Presentation title: PCI DSS 3.0: A Primer on Preparing for the Change presented at BsidesDFW2013 2013

by Branden R. Williams,

Summary : PCI DSS is now ready for the next iteration of its standard, version 3.0. By the time the conference rolls around, people will have been able to review it for a few months, but how will it translate into action for the community? What new questions have come up and what new products areas are either obsolete or flourishing?
As companies start preparing budgets for FY2015, they need to know how the new requirements in PCI DSS 3.0 impacts the puts and takes to the bottom line. What technology or service can they cut from their operations? What new capital or operational expenses will they need in order to comply? What business decisions might be made about the payment strategy in general as technologies like Mobile and Cloud impact how we consume and deliver services? How do I manage my QSA (or my internal auditors) to minimize the impact to my company when dealing with the changes in the standard?
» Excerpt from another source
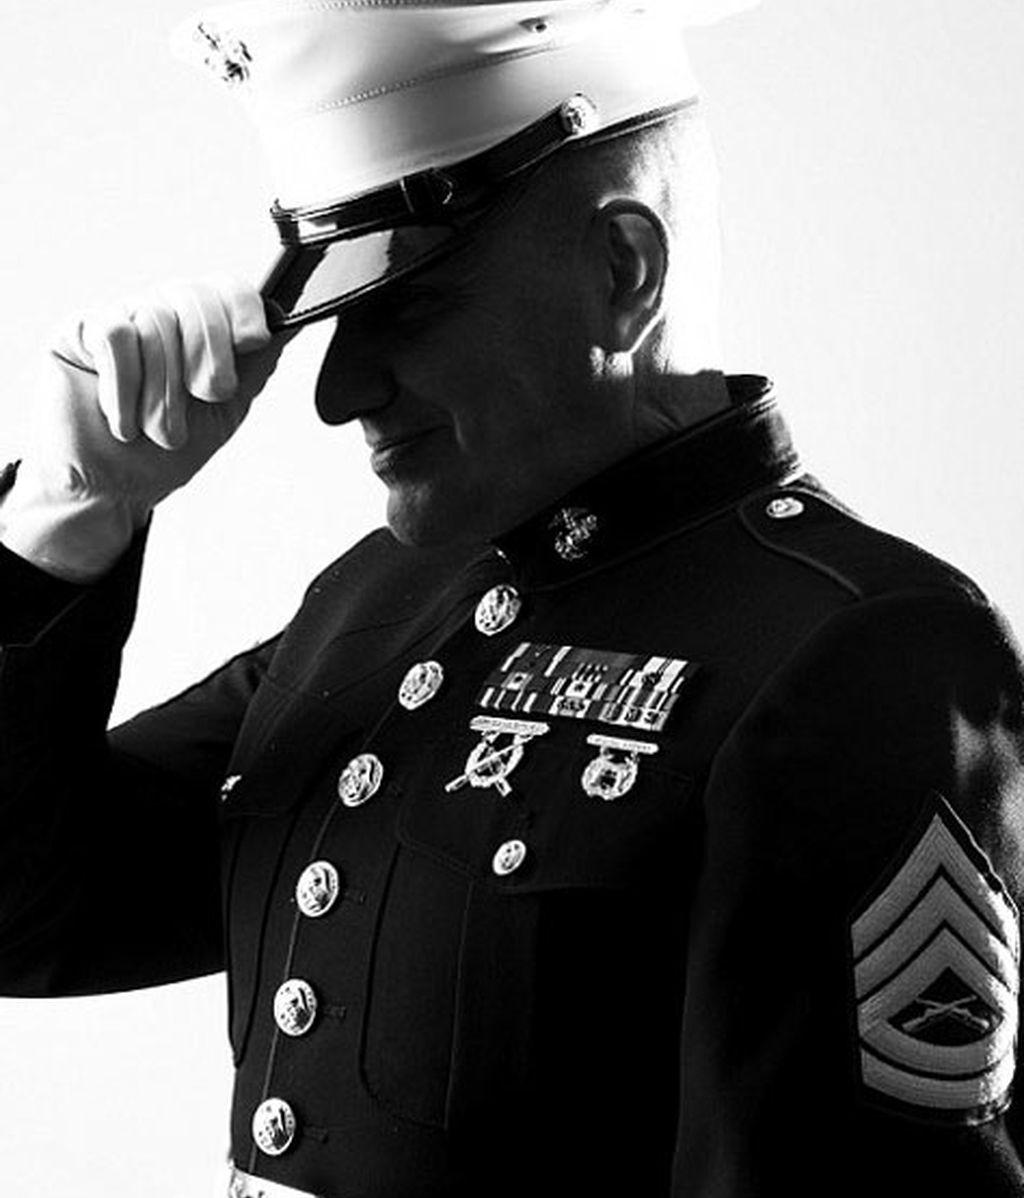 La fotógrafa, una exsargento de la Fuerza aérea de EEUU

These are the strategic questions we will answer in this short session.
As a former Board of Advisor member, QSA, and advisor to companies big and small on PCI DSS, changes in the standard always bring out lots of questions about how to proceed. The document itself is large and cumbersome, and most companies just want a few key goals they can manage toward to move into compliance with the new standard. As someone who has served in the community for over nine years, attendees will get real answers to real problems—not the standard answer provided by the Council of “It’s up to your assessor.
This short session will highlight the changes in PCI DSS 3.0, include some free tools for tracking progress against those changes (and the standard overall), and provide tips for big and small companies on how to further reduce the impact of PCI DSS with strategic adjustments in their company."